The instinct is the same across all of them: find the subspace where the task lives, project onto it, ignore the rest.
Every projection sets a dial. Keep more dimensions and you preserve more information, at higher cost and higher risk of keeping noise and memorising. Keep fewer and you compress harder, cheaper and more general, at the risk of throwing away something the task needed.
Capacity (L13) is the ceiling on what a representation can hold. Compression is the act of deliberately staying below that ceiling. The two pull in opposite directions, and choosing where to sit between them is a real design decision, not a default. Hold too much: expensive, noisy, prone to overfitting. Compress too hard: cheap and clean but missing the signal. The right point depends on the task and the budget, and a lot of model design is the search for it.
No projection is free. Naming what you gave up (which directions, which information) is the engineering discipline this lesson is built to install.
Projecting down is the lever that lets the same idea run from a microcontroller to a data centre. What changes across the spectrum is how aggressively you compress.

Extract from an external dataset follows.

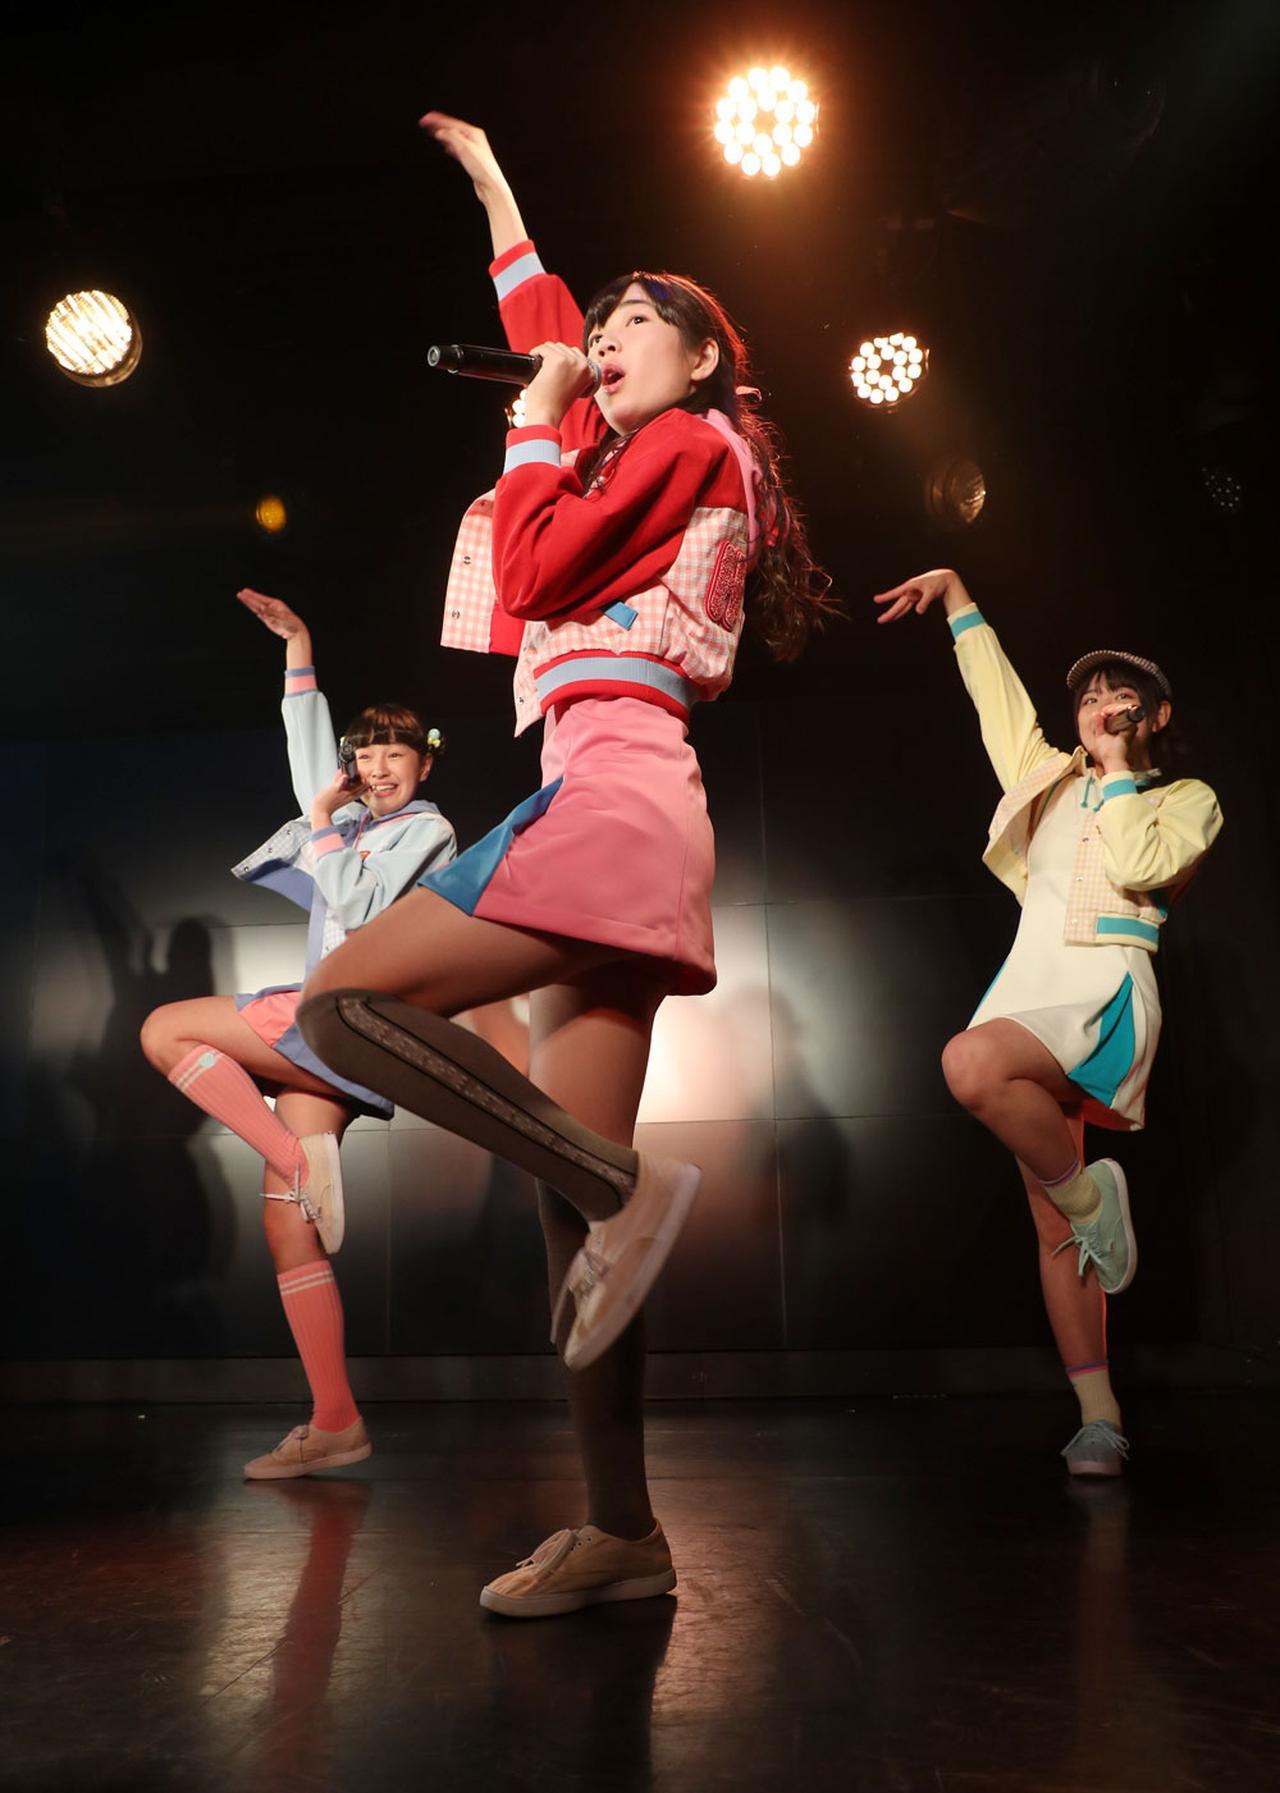 Images : 14番目の画像 - 「ハコイリムスメ/依田彩花、山本花奈を新メンバーに迎え、第5期発足。ロックンロール調の新オリジナル曲「キス取りゲーム」も披露」のアルバム - Stereo Sound ONLINE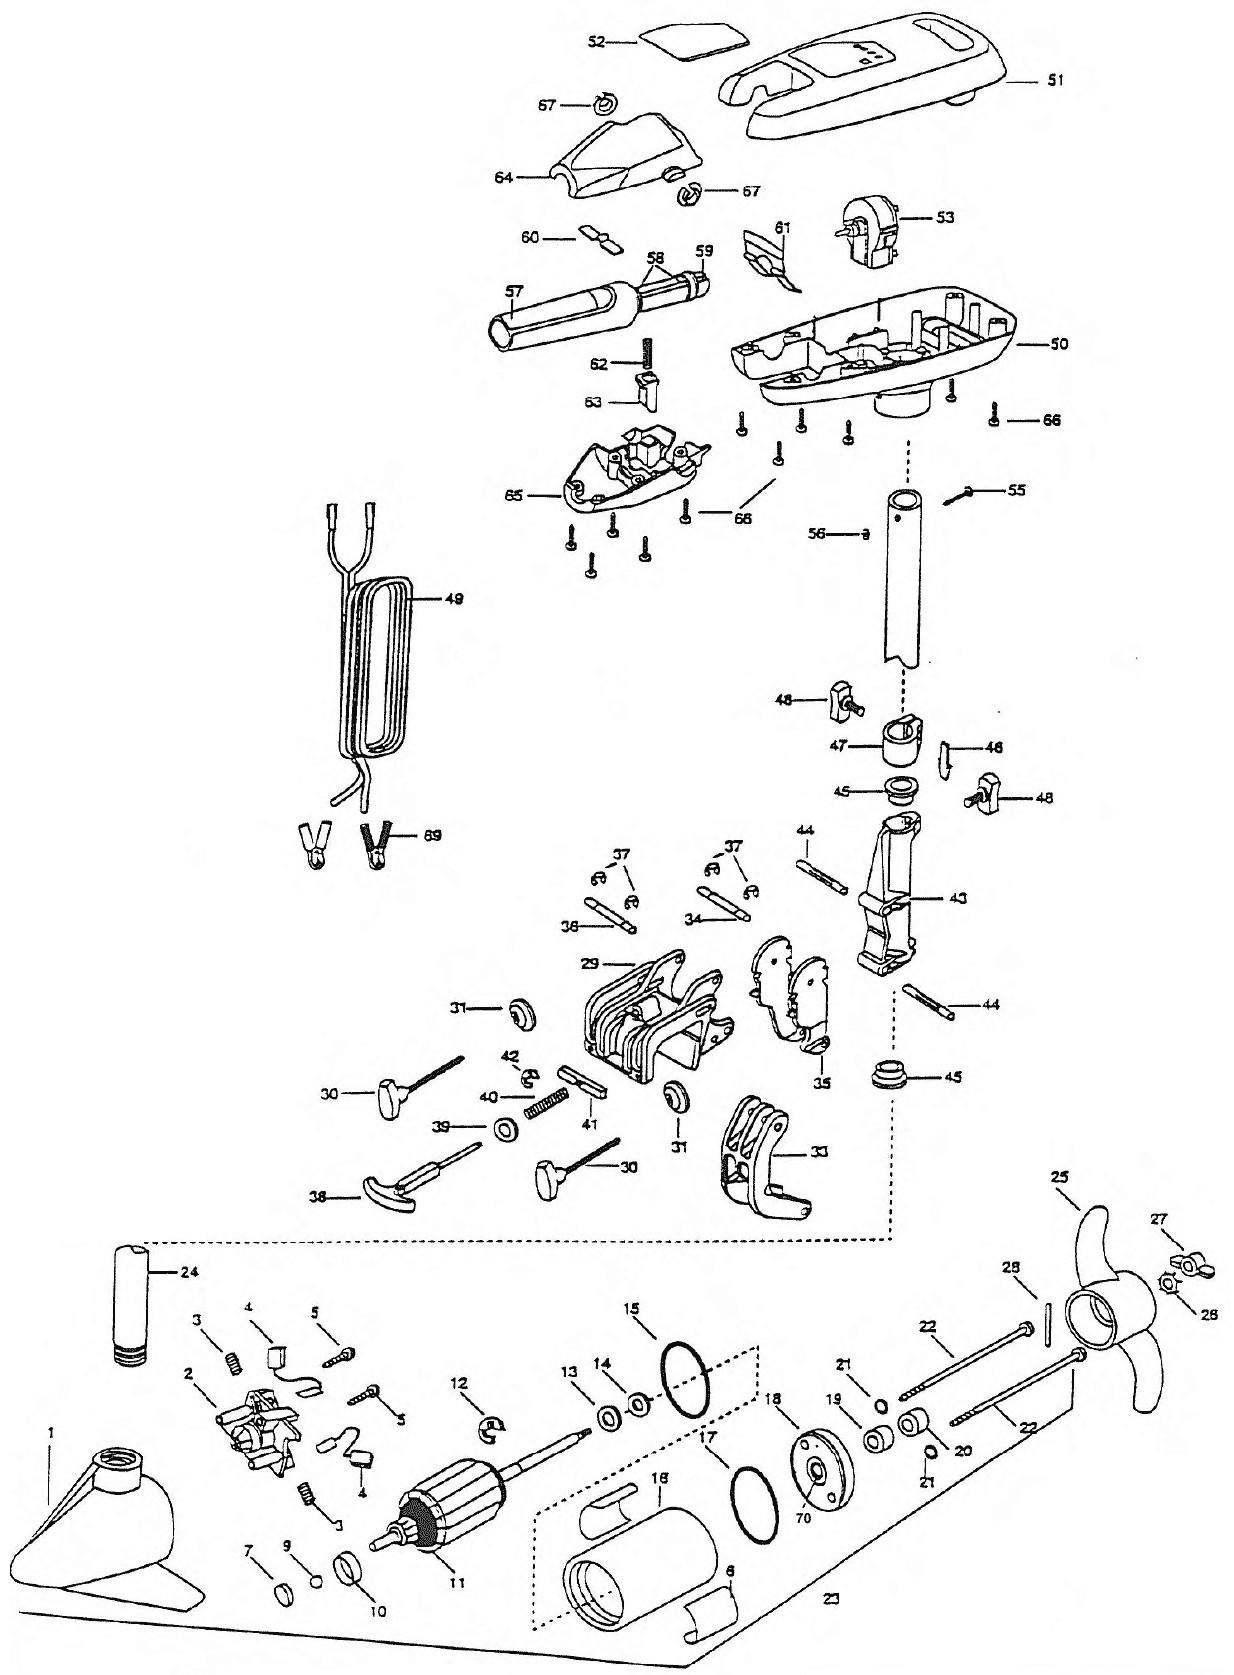 minn kota battery charger wiring diagram five way switch stunning 36 volt

Same idea, different aggressiveness. Whether you're squeezing a classifier into 64 KB or training a 400B model, you're choosing a subspace and discarding the rest.
It doesn't tell you how to find the best subspace; that's what training, and explicit methods like PCA, are for. This lesson is about what a projection is and why it shows up everywhere.
It doesn't carry the non-linear case in full. Real models fold space with nonlinearities (L14) before projecting, so the kept subspace can be curved rather than flat. The intuition survives unchanged: keep some directions, drop the rest. The directions just aren't always straight lines.
What it does do is install a habit. When you see a representation get smaller, ask which information was kept, which was thrown away, and whether that choice fits the task. That question is the engineering instinct this lesson exists to build.
You now have arrows, geometry, dimensions, the machines that bend space, and the operation that decides what to keep. The wall has taught geometry that's deterministic so far: a vector is here, a matrix sends it there, a projection drops these directions. The next move steps into uncertainty. Models don't just compute fixed outputs; they hold beliefs and assign probabilities. L16 puts the dice rack on the wall and starts the probability run.